To me, the problem with Woody Allen is that he's gone high concept. All his movies seem to be this way. Stuff with ghosts, time travel, invisibility and all this nonsense. In a PBS documentary about him, we see him going through all his ideas for movies he has lying around and it's all crap like that.
There was a review in the Atlantic Monthly of his latest movie, filmed in Rome. The critic felt that Allen's pace, making a film a year, was too much for anyone. He hasn't taken the time to develop them. It quotes Allen as saying he doesn't think he'll make another great film and if he does, it will be by accident.
Well, the guy is 76. He appears quite healthy and his father died at age 100. My guess is that he's got a good ten years of work left, but if he takes three years to develop a movie, there's a good chance that it won't be made. I know there are some---John Huston and Sydney Lumet are two----who've worked into their 80s, but it doesn't happen often.

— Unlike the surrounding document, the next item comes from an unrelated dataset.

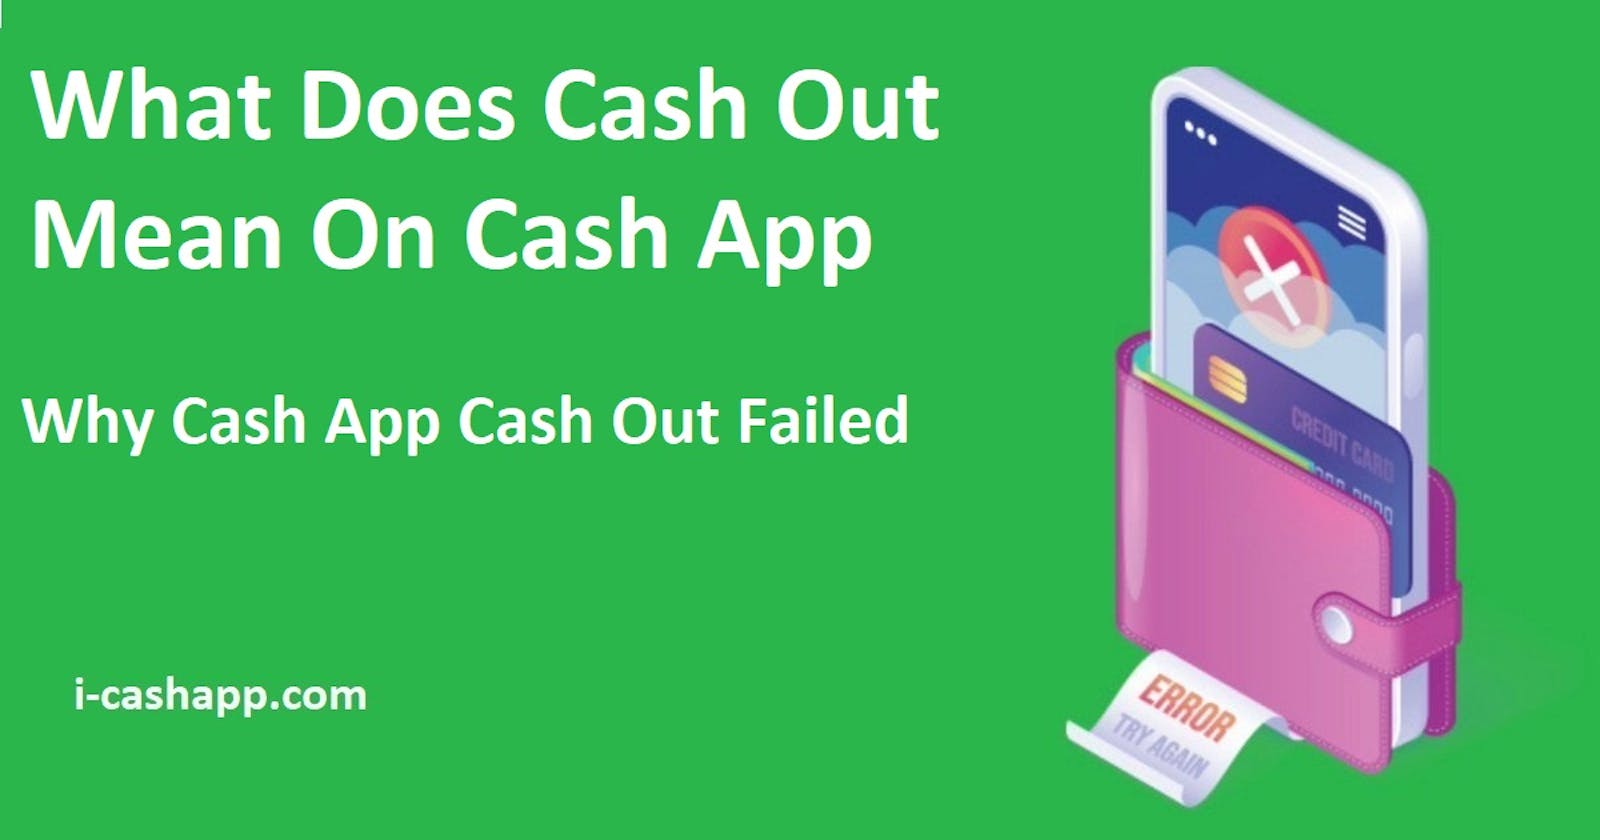 What does cash out mean on Cash App?

In any case, Allen is doing what he wants. It's silly to offer him advice at this point.
I think I stated my opinion here before. Allen started out making movies that simply a long series of gags. He didn't direct Play It Again, Sam because he didn't know if he could make something with a beginning, a middle and an end, even though he wrote it.
But the earlier movies had greater cinematic merit than his later movies. They were movies that couldn't exist as anything but movies. There was no way to do a novelization.
I'm sure he imagines he's reaching greater artistic heights now, but in his more "serious" movies, everything is verbalized; watching the movie and reading the script are pretty much the same experience.